Department of Biochemistry and Functional Genomics, Université de Sherbrooke, Sherbrooke, QC, Canada.
Centre de Recherche du Centre Hospitalier Universitaire de Sherbrooke (CRCHUS), Sherbrooke, QC, Canada.
Methods Mol Biol. 2024;2836:3-17. doi: 10.1007/978-1-0716-4007-4_1.

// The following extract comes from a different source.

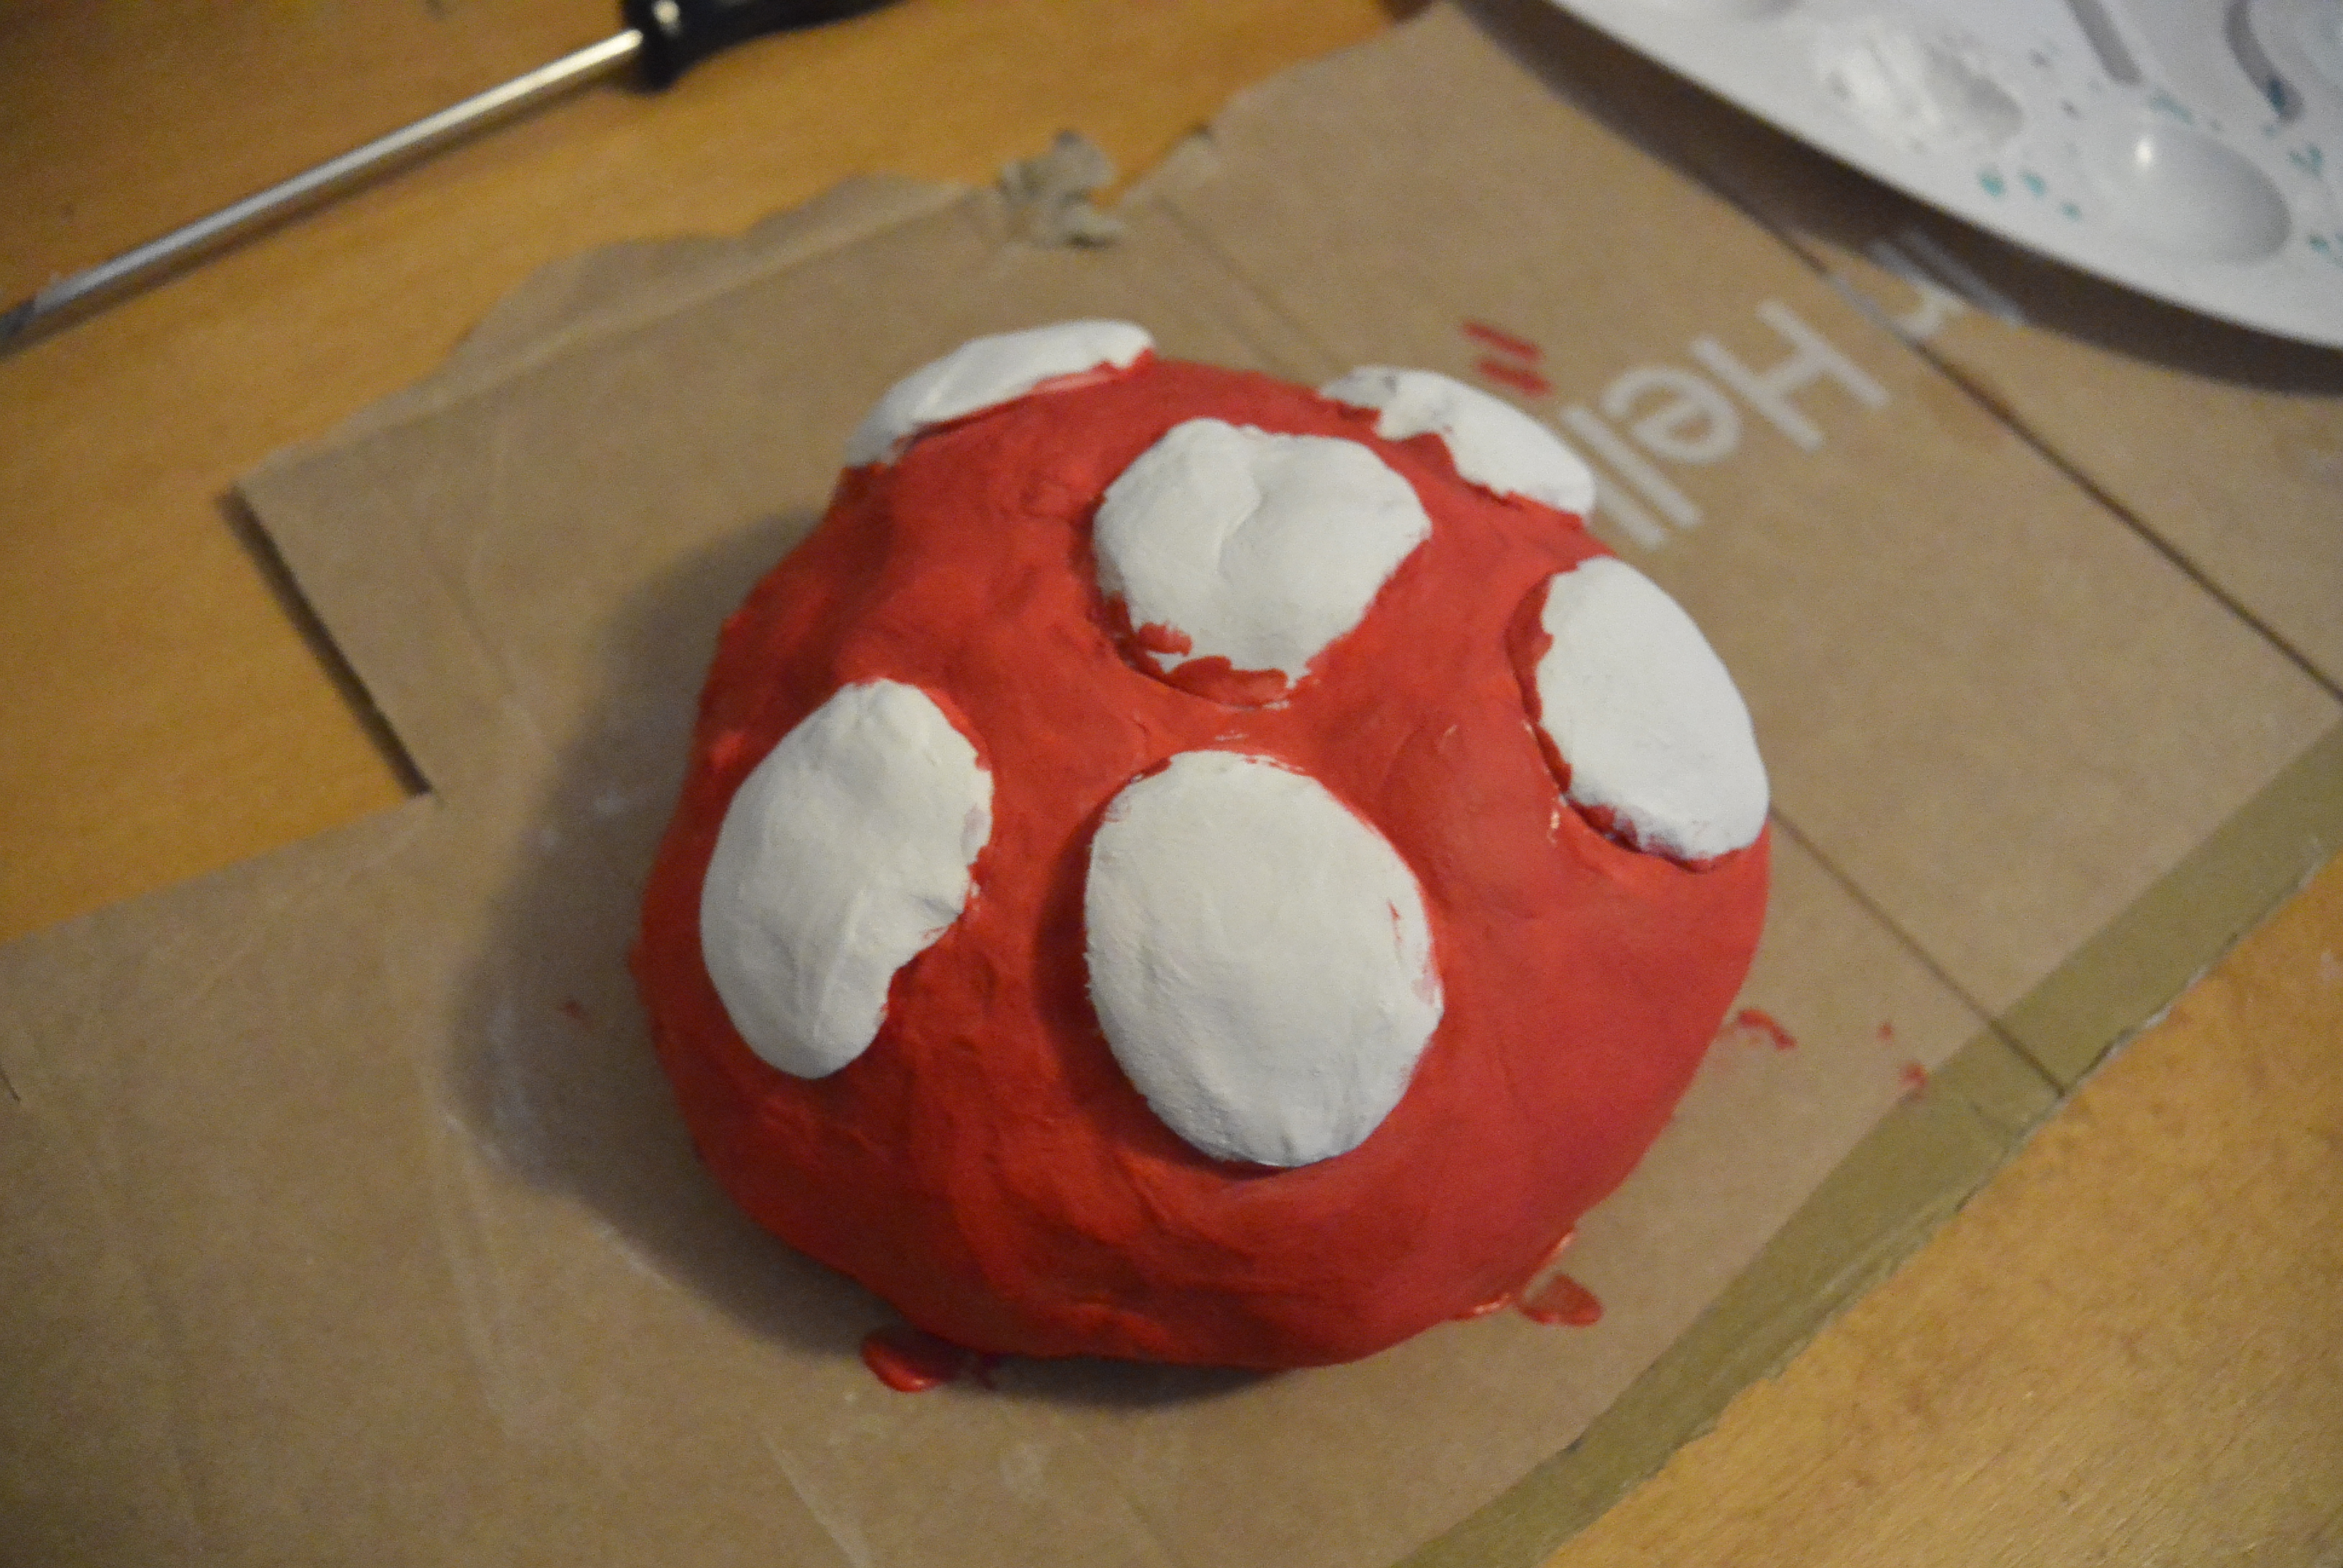 A picture of a painted top part of a mushroom, painted white and red

Proteogenomics has revealed the translation of unannotated open reading frames (ORFs) present in mRNAs and in noncoding RNAs (ncRNAs). OpenProt annotates all ORFs with a minimum of 30 codons in the transcriptome of several species and displays many functional features associated with the corresponding proteins. Two types of proteins are annotated: reference or canonical proteins which are proteins already annotated in UniProt, RefSeq, or Ensembl and noncanonical proteins. Noncanonical proteins form two groups: predicted novel isoforms that display a significant level of homology with a reference protein and alternative proteins that are new proteins with no significant homology to known proteins. This chapter describes how to check whether a gene and/or transcript contains multiple open reading frames and how to use OpenProt databases for the detection of alternative proteins and novel isoforms by mass spectrometry-based proteomics.
蛋白质基因组学揭示了在信使 RNA 和非编码 RNA (ncRNA) 中翻译未注释的开放阅读框 (ORF)。OpenProt 在几种物种的转录组中注释所有至少含有 30 个密码子的 ORF,并显示与相应蛋白质相关的许多功能特征。注释了两种类型的蛋白质:参考或规范蛋白质,这些蛋白质已经在 UniProt、RefSeq 或 Ensembl 中注释,以及非规范蛋白质。非规范蛋白质分为两类:显示与参考蛋白质显著同源性的预测新型异构体,以及与已知蛋白质没有显著同源性的新型蛋白质。本章描述了如何检查一个基因和/或转录物是否包含多个开放阅读框,以及如何使用 OpenProt 数据库通过基于质谱的蛋白质组学检测替代蛋白质和新型异构体。